Tras una esquina
- sorpresa, de repente, casualidad-
encontré tu nuca que volaba calle arriba
ajena a los hambrientos ojos que la seguían.
De puntillas, silencio de silencios,
te escolté a un metro de distancia
al alcance de mis manos
pero tan lejos de mis besos
como el paraíso del infierno.
Levitaba tras tus pasos
sustituyendo el aire por tu perfume
- ese que tantas veces había envidiado
al verlo flotar tras tus orejas (¿De Ci De Là se llamaba?)-
aspirando hasta la última molécula de tu esencia.
Me deslicé tras tu nuca
hasta que notaste el aguijón de mi presencia.
Y te quedaste quieta.
El mundo se hizo silencio
tan sólo el repetido trueno de mi corazón
ensordecía el instante.
Lentamente volviste la cabeza
- primero el perfil de tu nariz,
después el color de tu mirada-
Parado ante ti,
una estatua de carne con mi nombre.
Rígido, expectante, moribundo...
abrazado a un dios en el que jamás había creído.

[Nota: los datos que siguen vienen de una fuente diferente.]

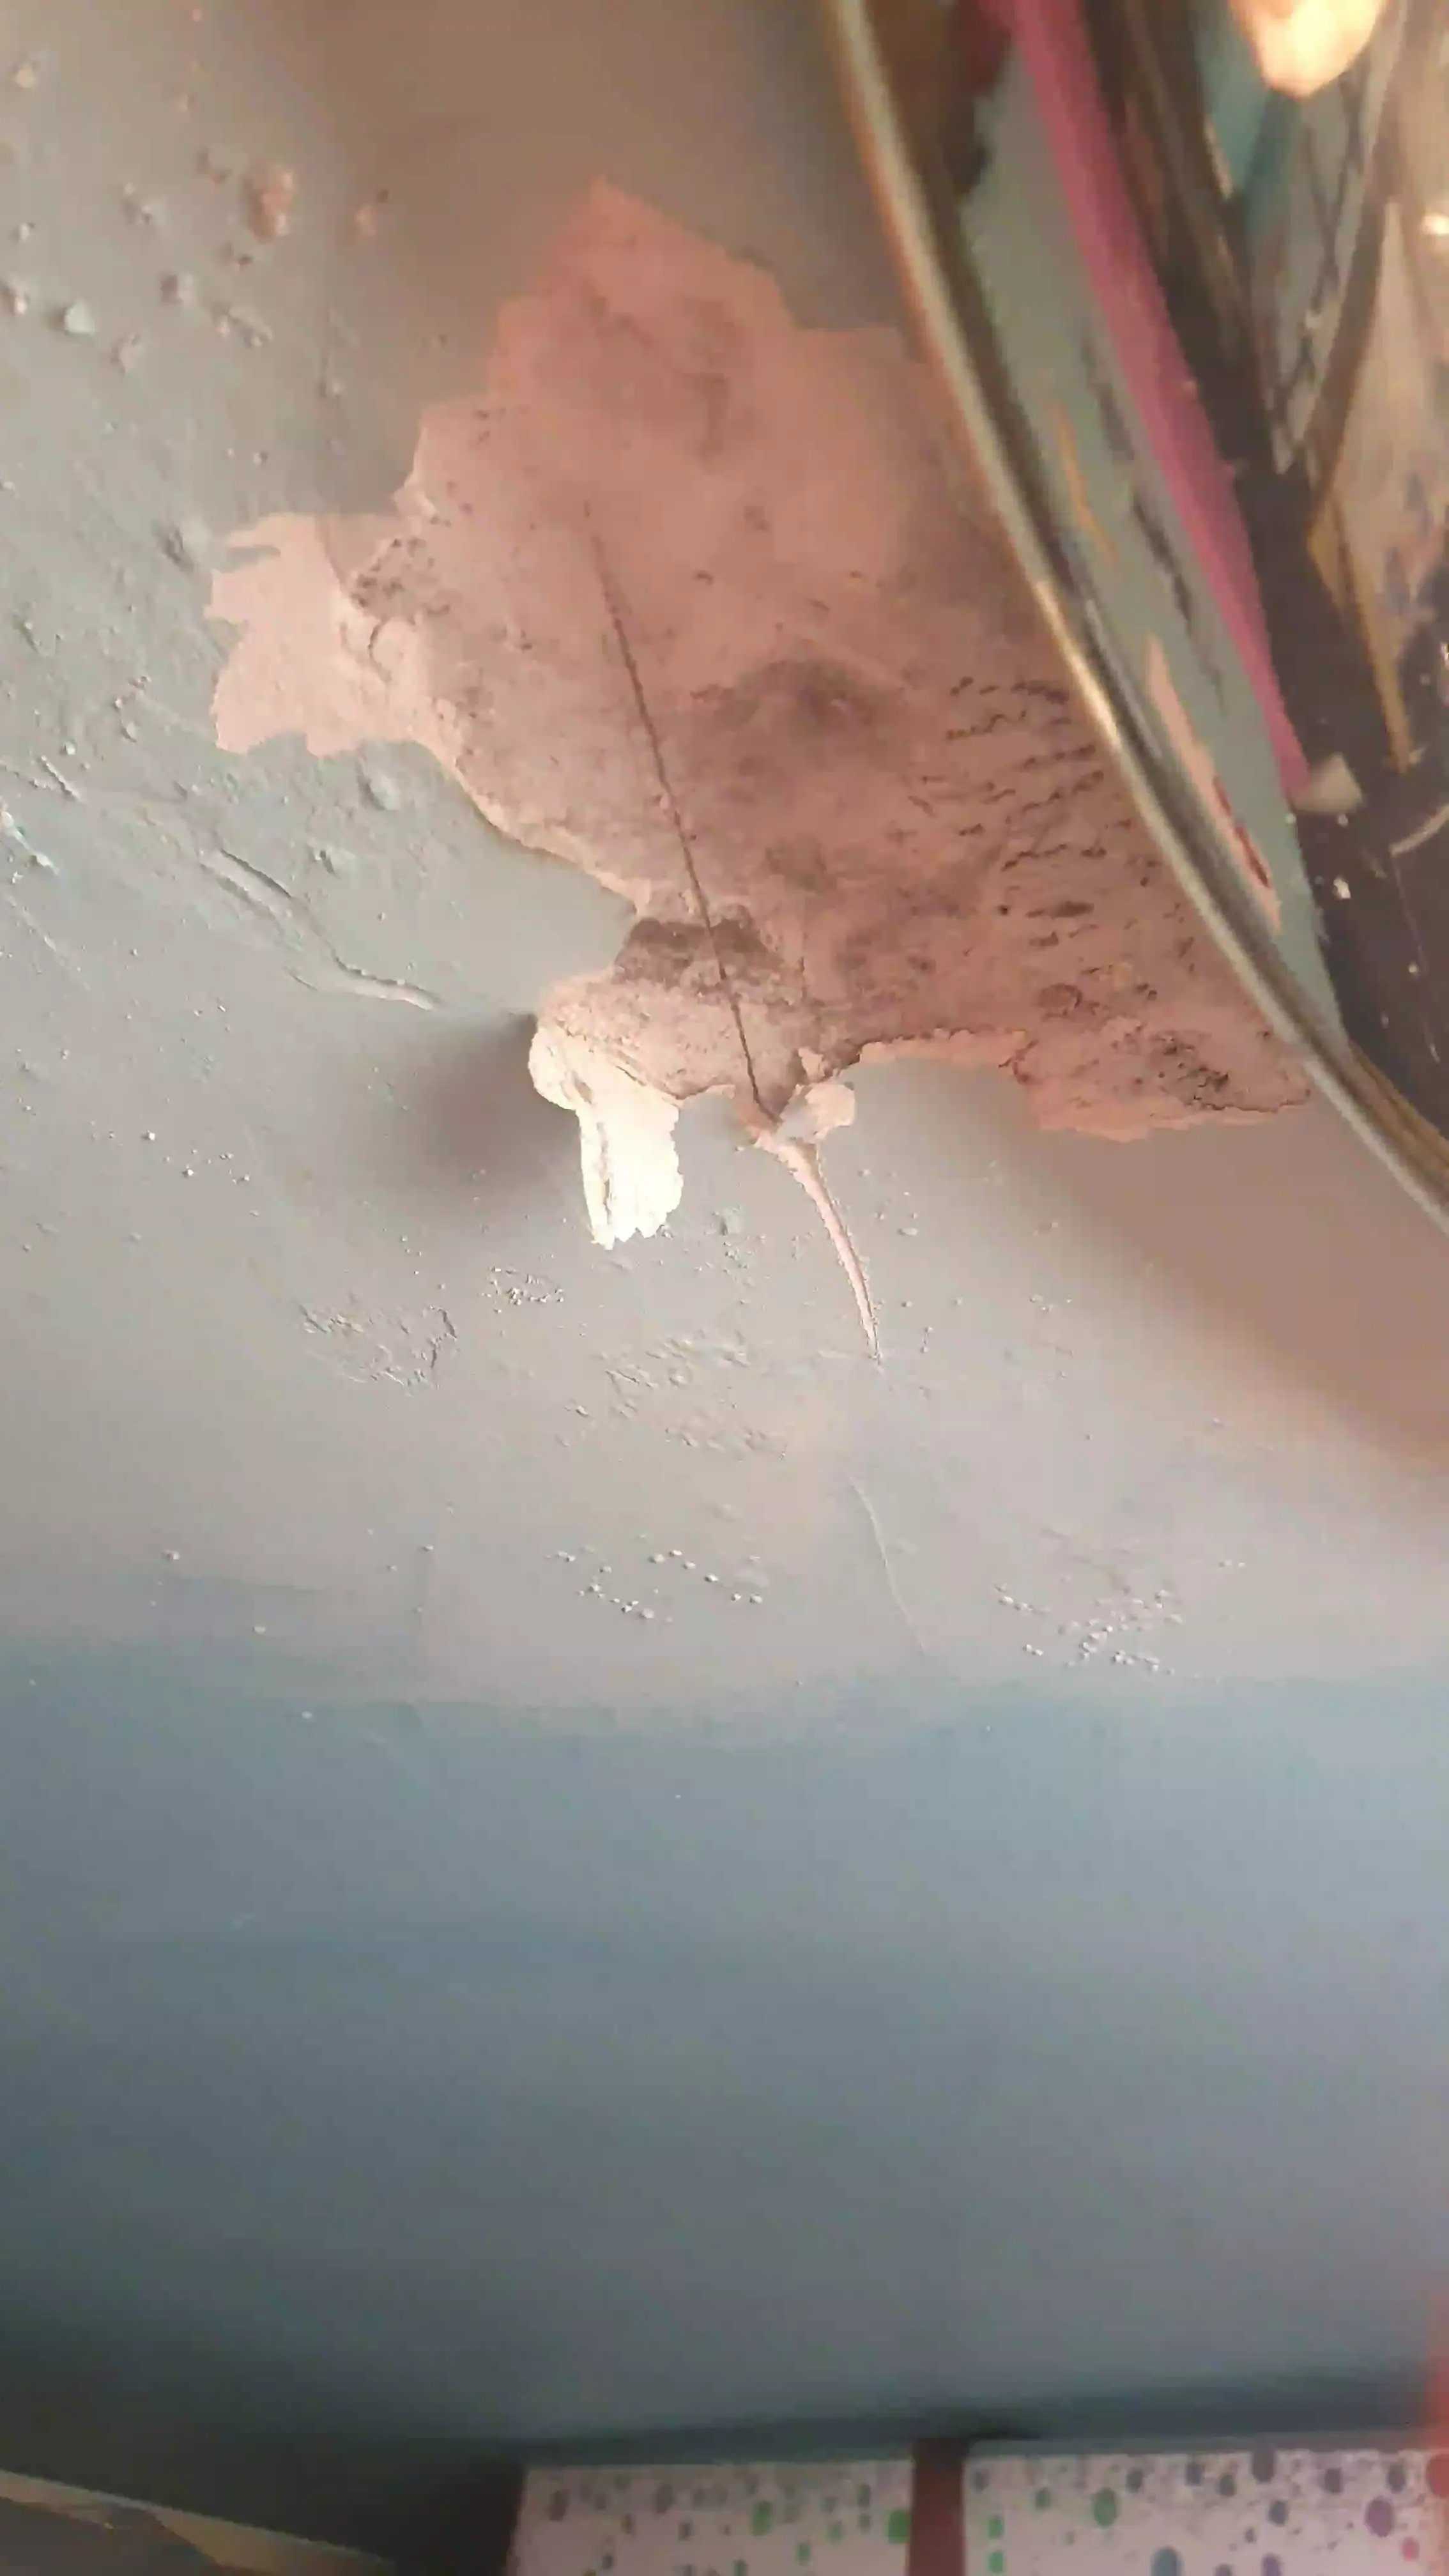 SP52948-Lot-158-damaged-ceiling-near-electrical-lighting-due-to-water-leaks-unrepaired-since-Sep2020-photo-4-taken-3Feb2022.webp

Metí en los bolsillos mis manos,
prohibiéndolas volar a tu encuentro.
Una sonrisa en tu rostro.
- Tú, ¡no puedo creerlo!-
Un rictus en mi boca.
-¡Cuánto tiempo sin verte!
El universo giraba a nuestro alrededor,
podía sentir planetas y lunas
rozarme las pestañas.
Parado ante ti
volcanes, hurácanes, terremotos y bombas nucleares,
no conseguían despegar mis pies del asfalto.
Y supliqué al dios que no existía
en el que nunca creí,
que me concediese la eternidad allí mismo.
De pie, como un imbécil con las manos en los bolsillos,
a un metro de ti
en mitad de la calle
entre peatones, autobuses y vehículos aparcados
mirando tus ojos
y respirando tu aliento y tu perfume.